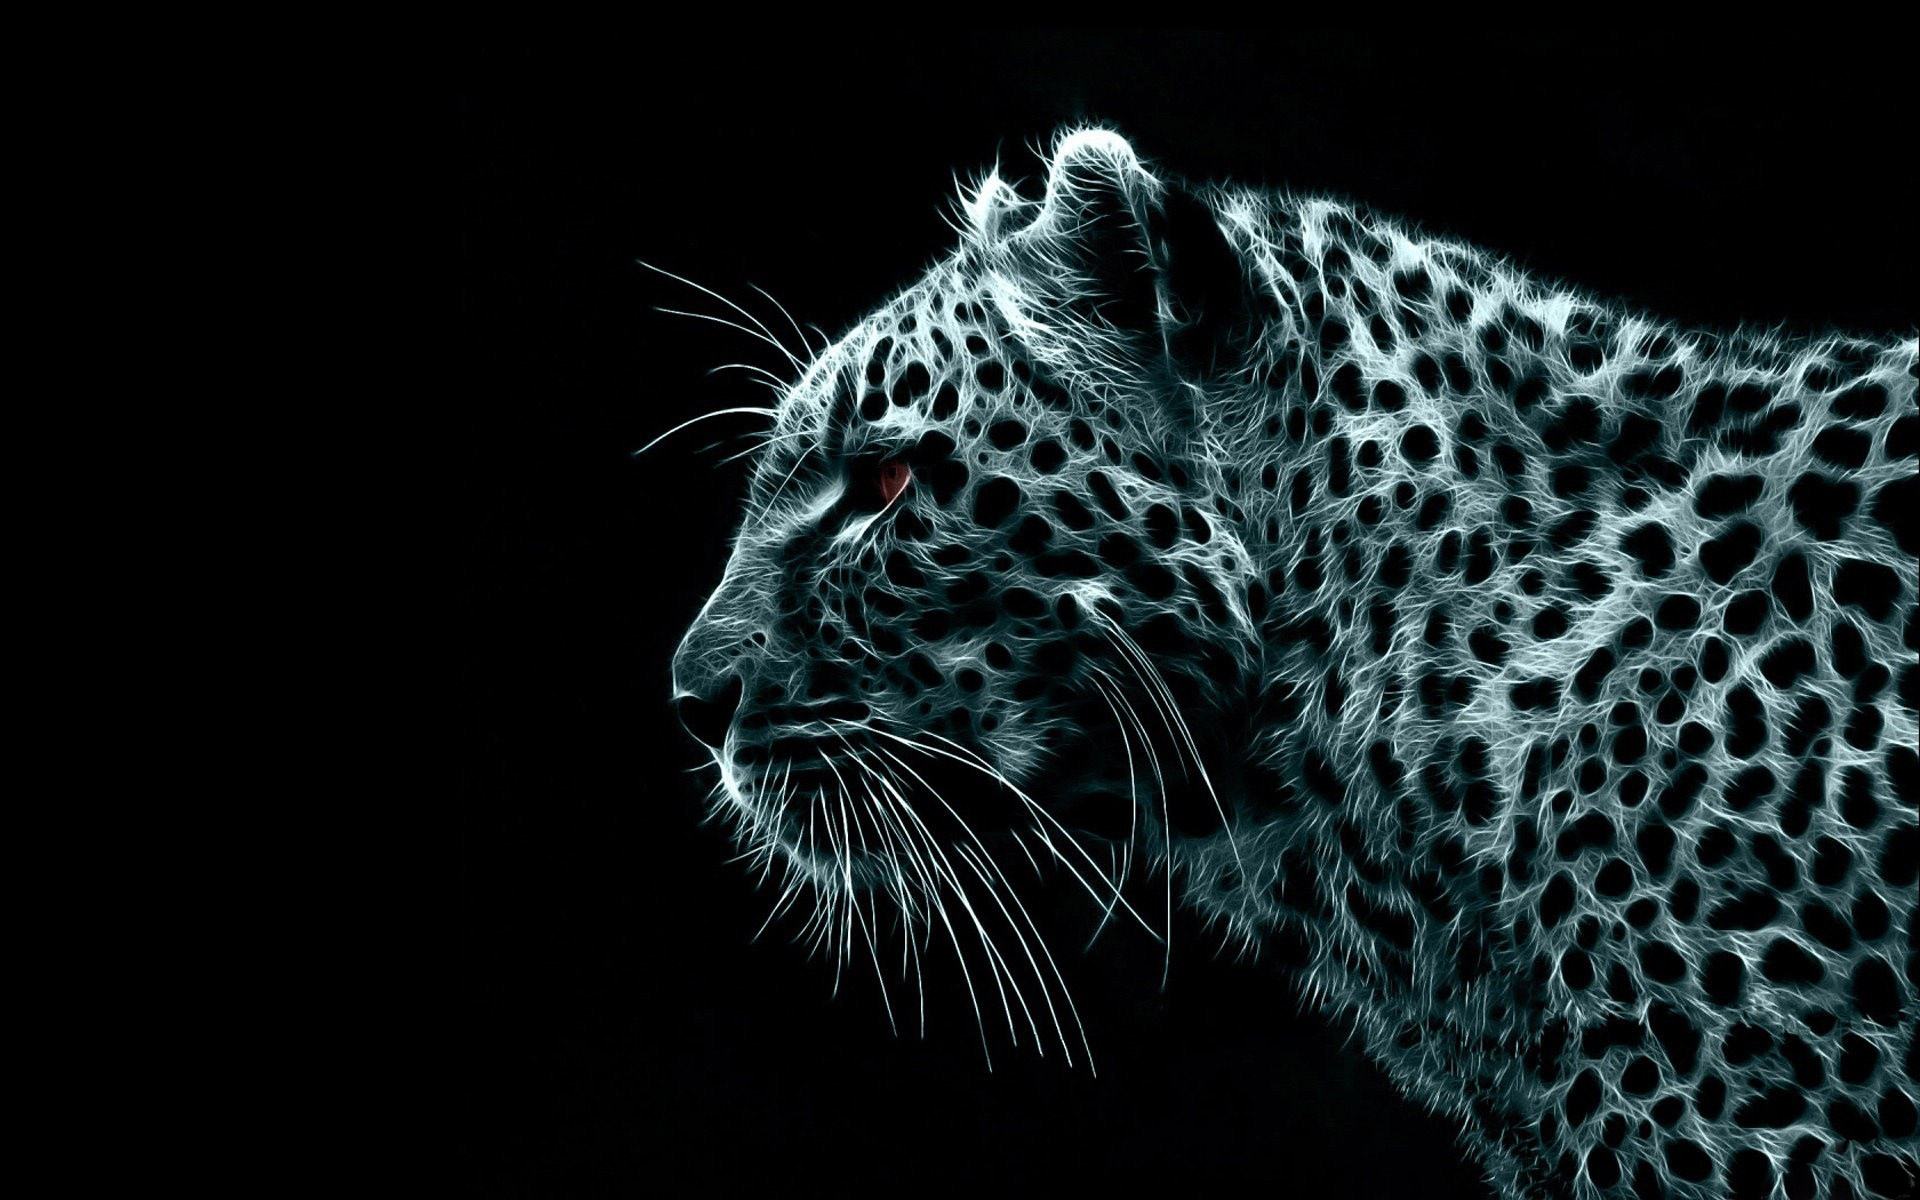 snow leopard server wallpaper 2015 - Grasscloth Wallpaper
::::::
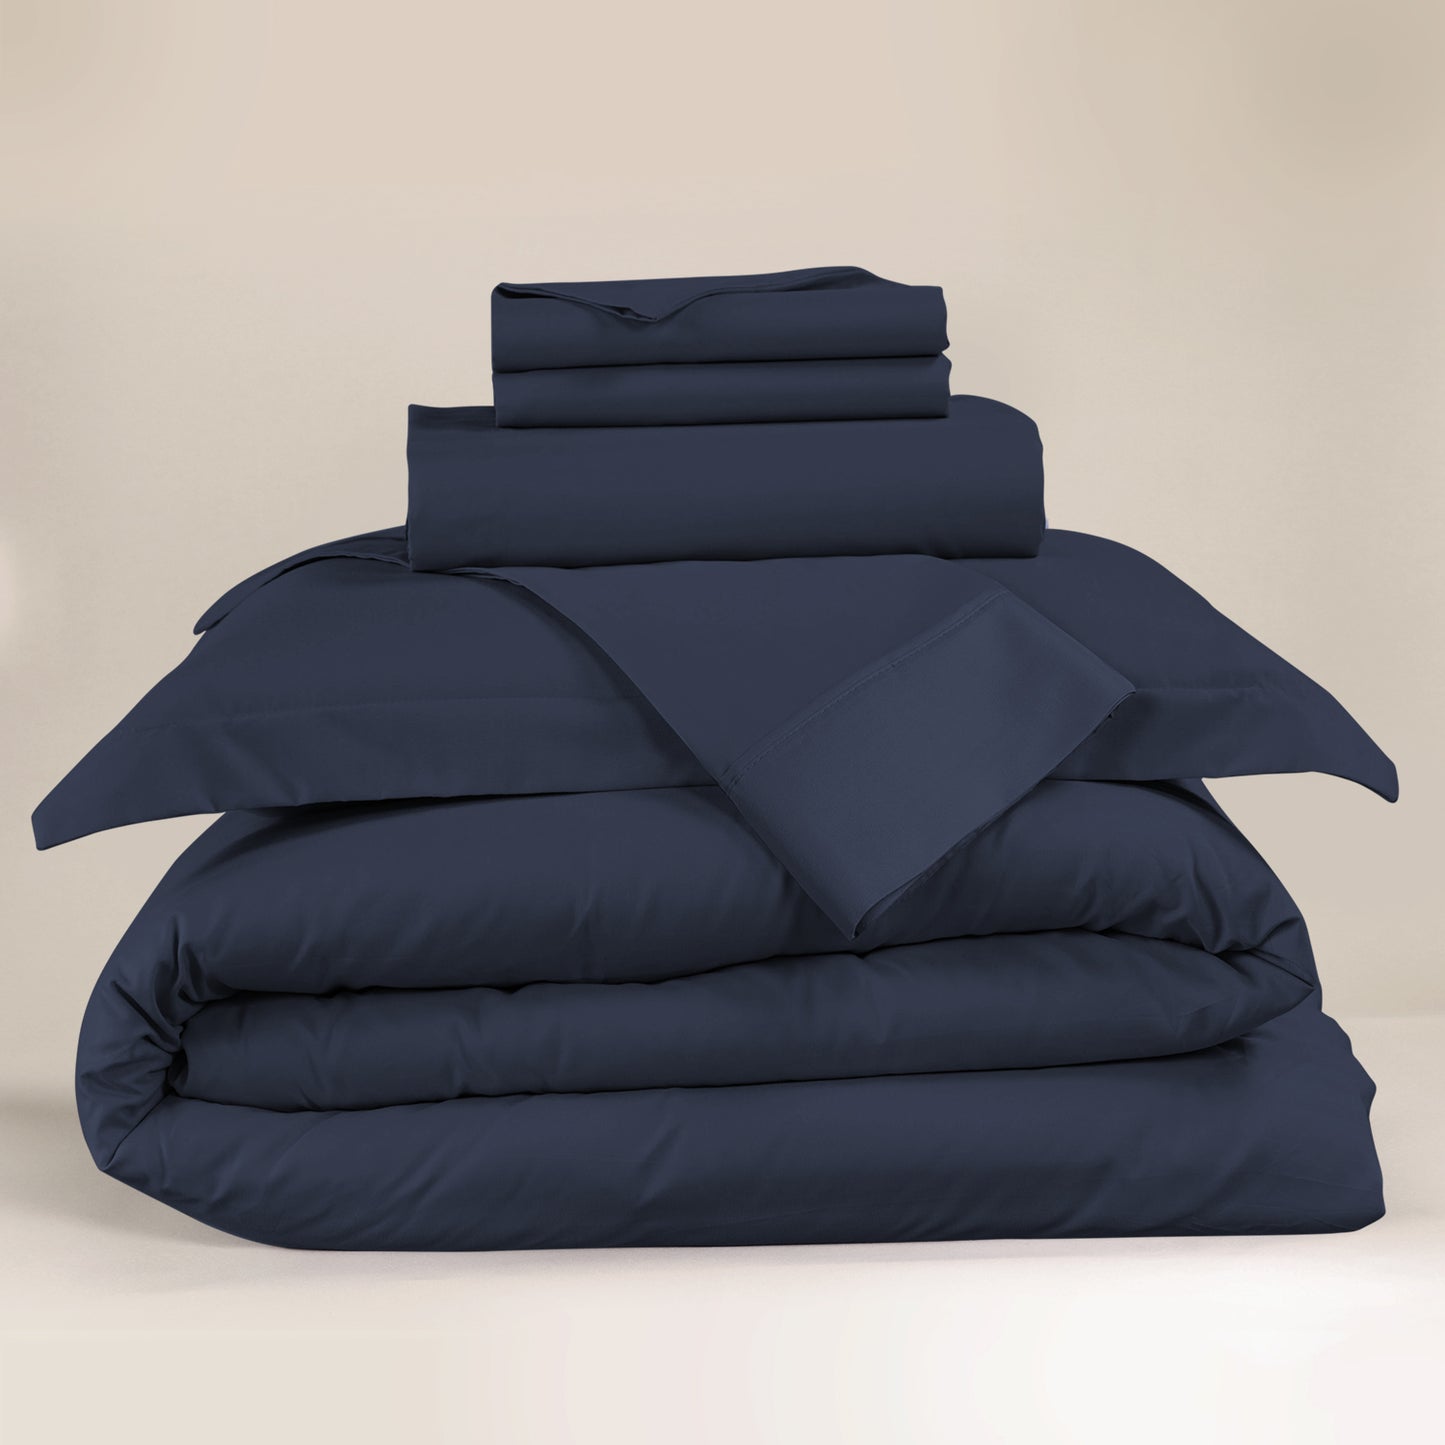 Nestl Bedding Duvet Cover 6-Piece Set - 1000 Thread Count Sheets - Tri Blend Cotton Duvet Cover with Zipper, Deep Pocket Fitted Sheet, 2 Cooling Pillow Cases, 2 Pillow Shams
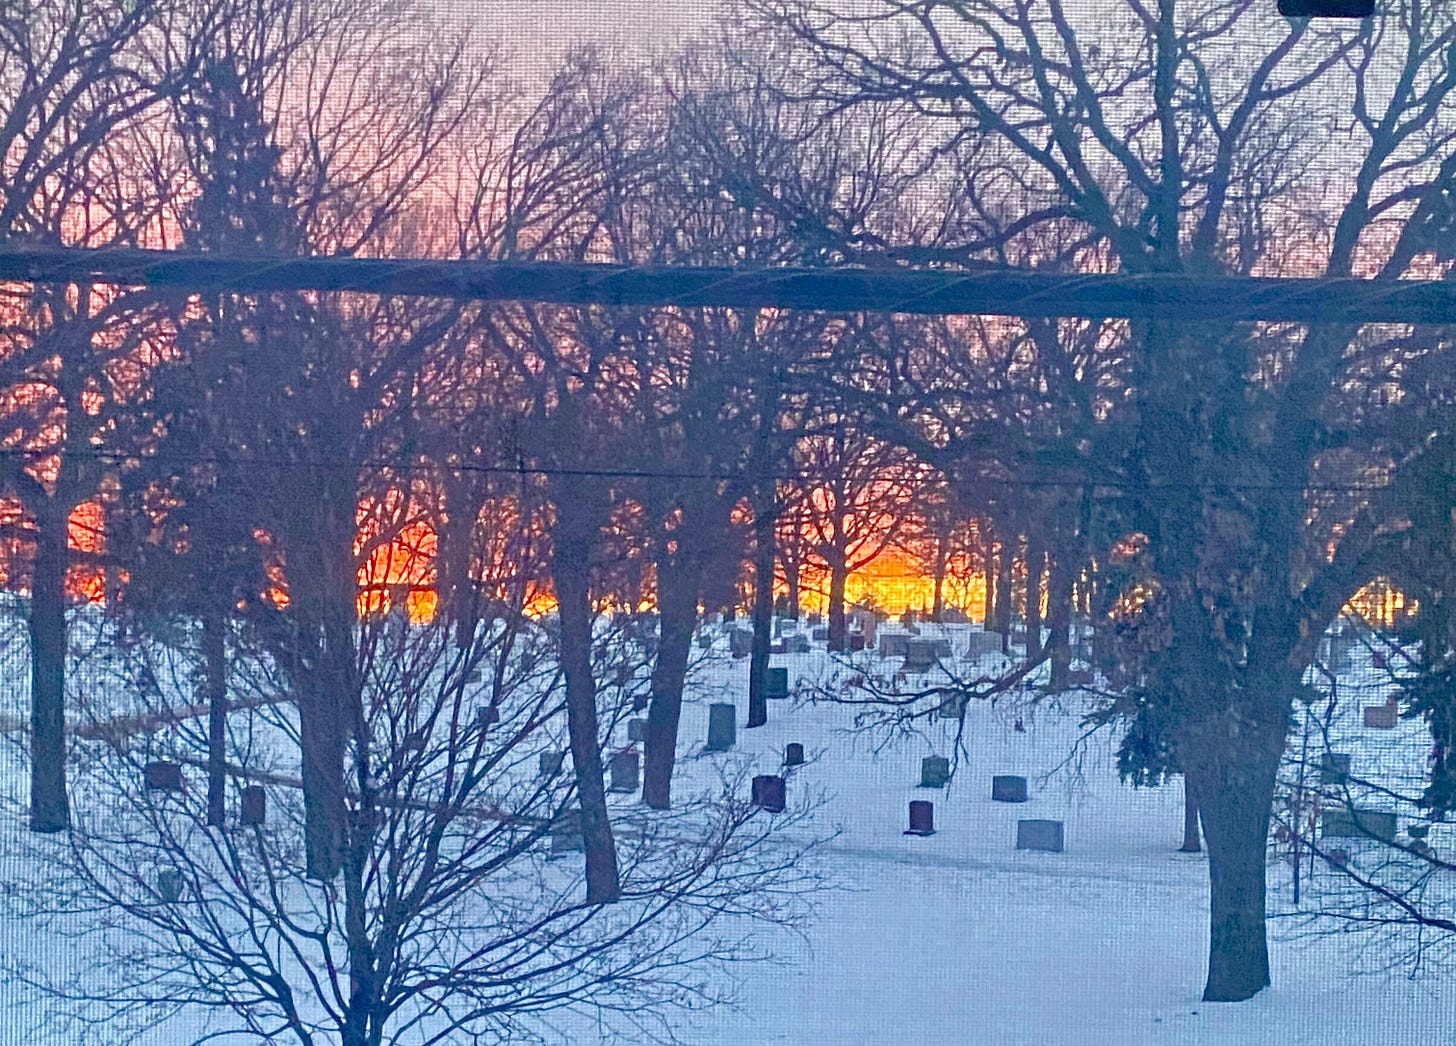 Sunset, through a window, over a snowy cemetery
::::::
WHAT THE TASK REQUIRES:
Though the entries above contain pictures, none should be copied; reproduce only the lines between the one holding "Nestl Bedding Duvet" and the one holding "Sunset, through a", inclusive, exactly as written.

EXERCISE SOLUTION:
 Nestl Bedding Duvet Cover 6-Piece Set - 1000 Thread Count Sheets - Tri Blend Cotton Duvet Cover with Zipper, Deep Pocket Fitted Sheet, 2 Cooling Pillow Cases, 2 Pillow Shams
 Sunset, through a window, over a snowy cemetery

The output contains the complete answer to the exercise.